Why does the enthelpy equation include work (PV term) twice?

[JeweliaHeart]

Hello. I am a thermodynamics novice trying to gain a better understanding of state functions, particularly enthalpy.

I understand that enthalpy is defined as

"A measure of the total energy of a thermodynamic system, including internal energy, which is the energy required to create a system, and the amount of energy required to make room for it by displacing its environment and establishing its volume and pressure."

The equation:

ΔH=ΔU(internal energy) + ΔPV

confuses me b/c


ΔU= q(heat added) - w(work done by system on environment)

so

ΔH really means:

ΔH=q - w + ΔPV


There are two terms of work (w and ΔPV) and b/c of the opposite sign, they cancel out, leaving only q. This means ΔH= q which is at odds with the accepted definition of enthalpy. Where did I mess up?

 

[DrDu]

That not at odds with the usual definition. Mostly enthalpy is determined by measuring heat.
However $\Delta(PV)=P\Delta V=w$ only if p is constant and volume work is the only kind of work the system is performing.

 

[JeweliaHeart]

That not at odds with the usual definition. Mostly enthalpy is determined by measuring heat.
However $\Delta(PV)=P\Delta V=w$ only if p is constant and volume work is the only kind of work the system is performing.

Okay,
so you are saying that enthalpy is only equivalent to heat if pressure is held constant?

Meaning,

ΔH=q - PΔV + PΔV= q (only when pressure is constant and only PV work is being exerted)

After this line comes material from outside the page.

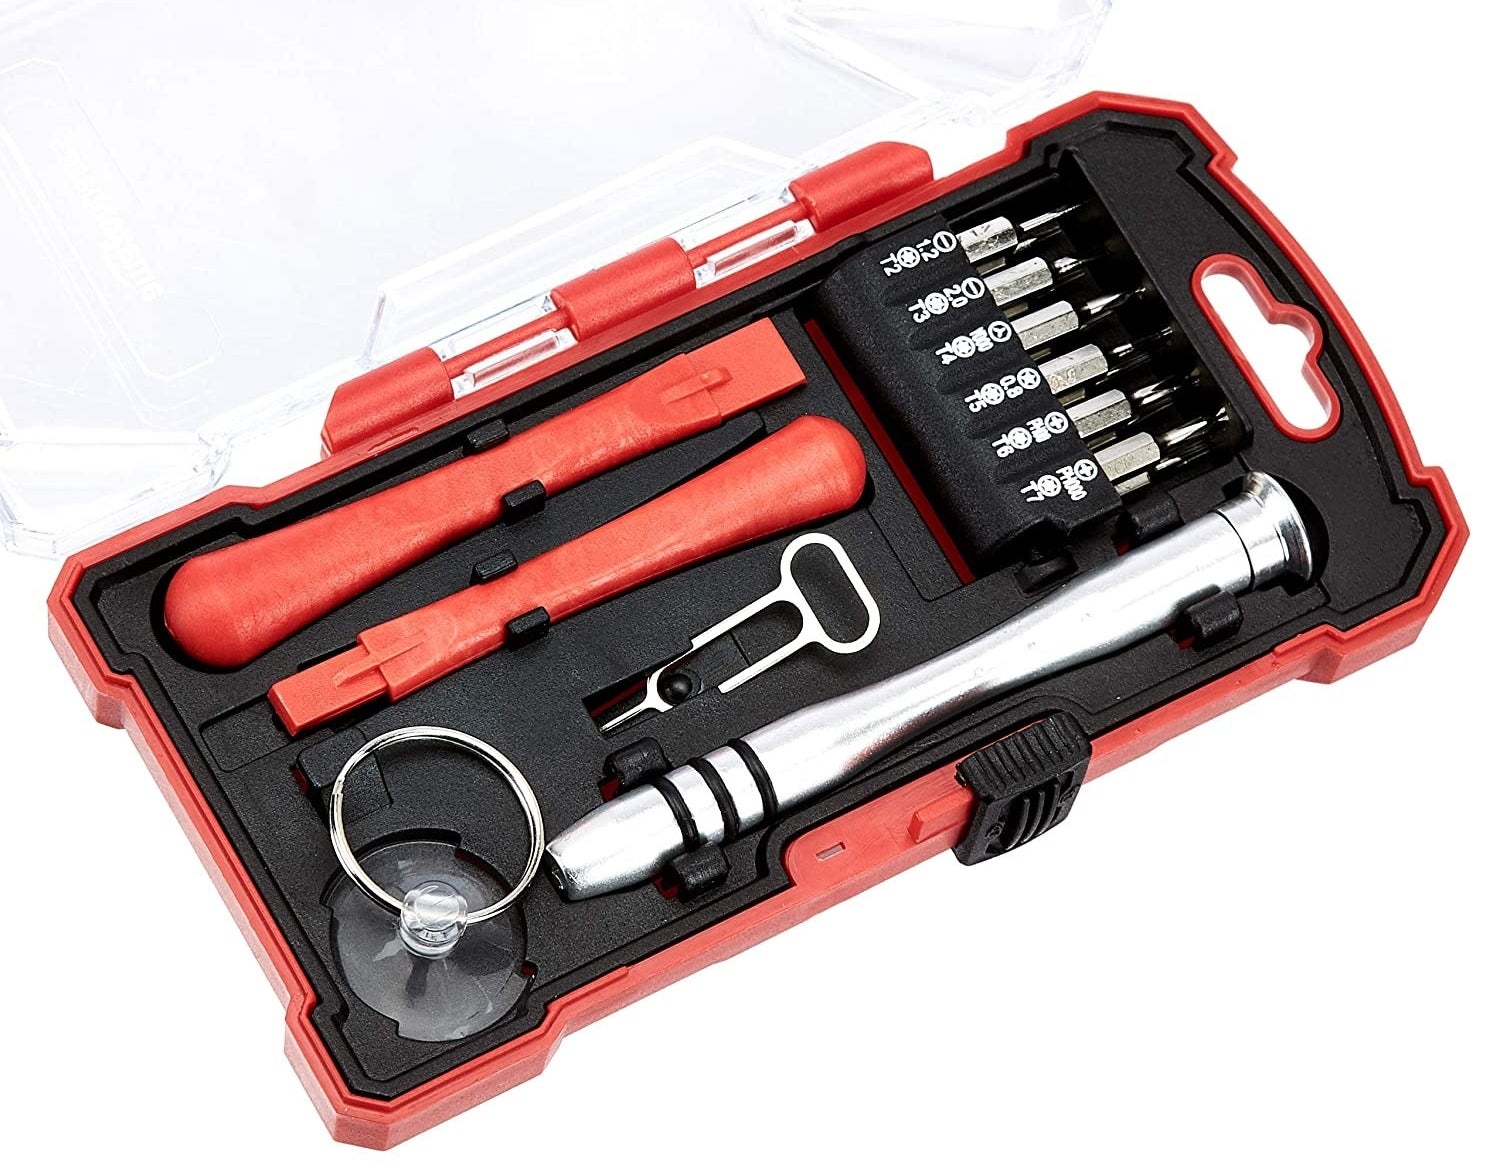 A screwdriver kit box in black and red with multiple tools in it

Otherwise, when pressure is not constant the equation should like this, perhaps?:

ΔH=q - w + PΔV

And the work defined by the 'w' above includes all forms of work, whether PV or mechanical, etc?

If so, that makes a little more sense. It's just that all the example problems I've encountered with ΔU only use PV work and no other form.

 

[DrDu]

ed)

Otherwise, when pressure is not constant the equation should like this, perhaps?:

ΔH=q - w + PΔV

In general, $d(PV)=PdV+VdP$. The second term will not vanish when P is not constant while the first term gives the volume work done in an infinitesimal step.
Hence $\Delta H=q-w+\int PdV +\int V dP$ in general.
If there is no work done other than volume work, this reduces to
$\Delta H=q+\int V dP$.
An example of non-volume work is e.g. the work done when stirring a viscous fluid.